未成年の18歳・19歳でもカードローンを利用できる?未成年がお金を借りる方法を解説!

未成年の18歳・19歳の方は急にお金が必要になったとき、カードローンは使えるのでしょうか?

今回は、そんな疑問にお答えするべく、18歳・19歳の未成年がお金を借りる方法を解説していきます。

未成年の18歳・19歳では銀行カードローン、消費者金融は利用できない

まずはじめに、20歳未満は銀行カードローンや消費者金融を利用できません。

各銀行、消費者金融は、融資対象を「20歳以上」と規定しています。

20歳未満の人は、たとえ社会人だとしても、利用することができません。

高校を卒業して、収入を得ていても、この規則が揺らぐことはありません。

したがって、18歳・19歳の人は別の手段でお金を借りる必要が生じてきます。

2022年からは、18歳でカードローンに申し込める可能性大

現行の民法では、成人年齢は「20歳」とされていますが、2022年より、成人年齢が「18歳」に引き下げられます。

これにともなって、18歳でも銀行カードローン、消費者金融が利用できる可能性があります。

20歳を成人年齢とする習慣は、伝統的におこなわれてきたものであって、現代の生活では正直なところ、20歳という年齢の節目がそこまで「成人」を感じさせるものではなくなってきています。

今回の民法改正では、下記の内容は改正が適用されるものです。

改正されるもの

  • 資格試験の受験要件
  • パスポートの申請
  • 契約行為

上記の点で、これまで20歳以上とされてきたことが、今後は18歳に要件が引き下げられます。

特に、契約行為に関して、20歳未満の未成年は親の同意が必要でしたが、成人年齢が引き下げられた後は、18歳・19歳でも親の同意なしで契約を結ぶことが可能になることが期待できるでしょう。

逆にいえば、18歳・19歳はもう立派な「取引者」と見なされるため、18歳・19歳だからという理由で、一度結んだ契約を取り消すことができなくなります。

成人年齢が18歳に引き下げられる時期は、2022年4月1日から施工されます。

未成年の18歳・19歳がお金を借りる方法

それでは、未成年の18歳・19歳がお金を借りるには、どのような手段をとればよいのでしょうか。

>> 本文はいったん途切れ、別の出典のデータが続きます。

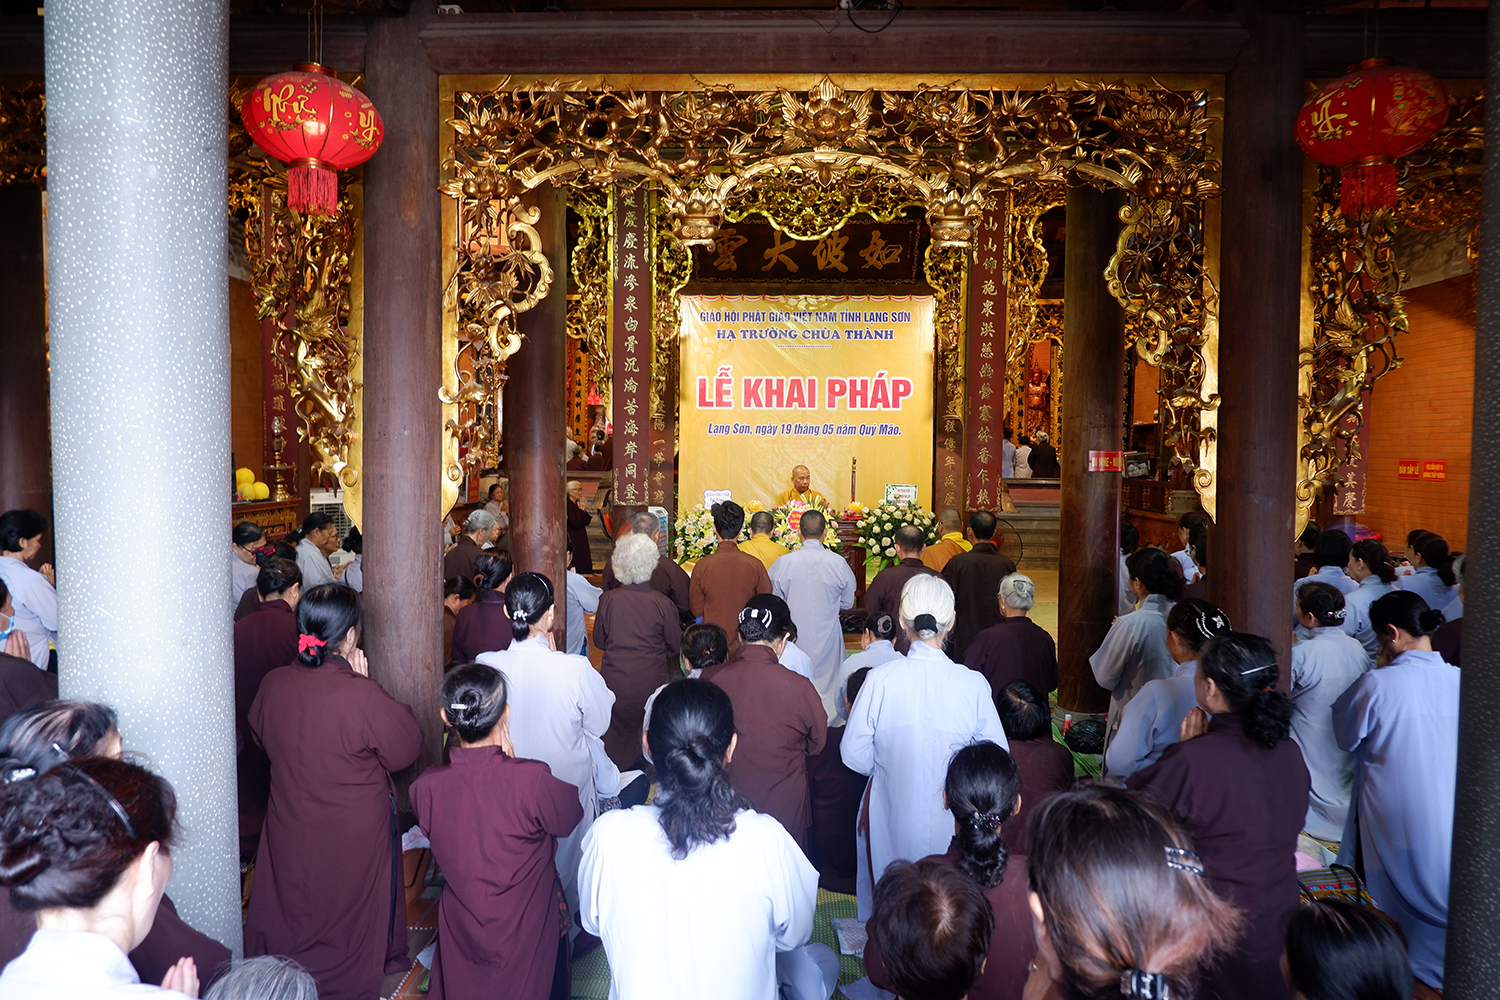 Lạng Sơn: Hạ trường chùa Thành tổ chức Lễ Khai pháp

18歳・19歳でお金を借りる手段は、大きく分けて以下の4つとなります。

未成年がお金を借りる方法
  • 学生カードローン
  • 奨学金
  • クレジットカードのキャッシング枠
  • ゆうちょ銀行の自動貸付

それでは、1つずつ詳細を確認していきましょう。

学生カードローン

学生ローンは、未成年の大学生でも利用できる可能性のあるカードローンです。

学生ローンは、未成年でも利用できるメリットがありますが、通常のカードローンよりも金利が高くなります。成人の社会人に融資するよりも、学生に融資する方が貸し倒れするリスクが高くなるため、金利が高く設定されているのです。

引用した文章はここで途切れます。